_Exercise instructions_: From the data that follows, print exactly the lines starting at the one containing "Komatsu Tracked Loading Shovel_x00D_" and ending at the one containing "Good condition for"; include both of them and nothing more.

··· Dataset records ···

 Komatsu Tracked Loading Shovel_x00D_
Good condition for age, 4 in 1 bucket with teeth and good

···
··· Dataset records ···

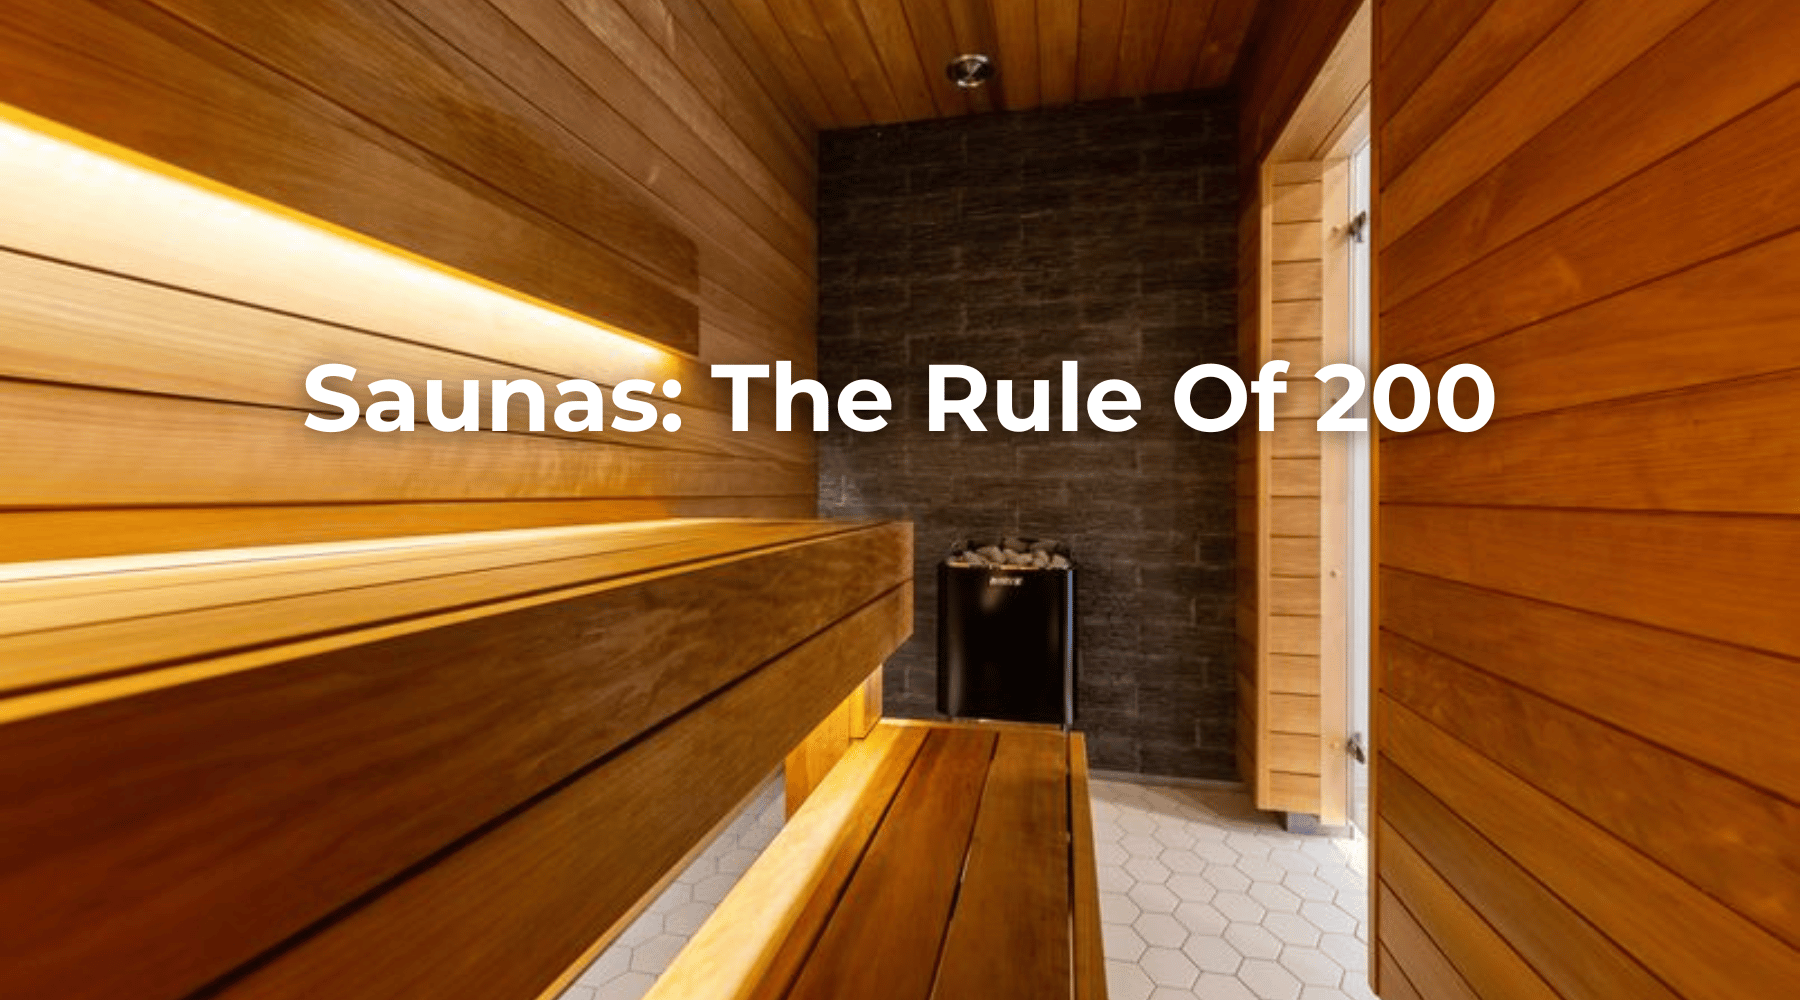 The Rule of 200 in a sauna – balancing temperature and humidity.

···

_Written solution_:
 Komatsu Tracked Loading Shovel_x00D_
Good condition for age, 4 in 1 bucket with teeth and good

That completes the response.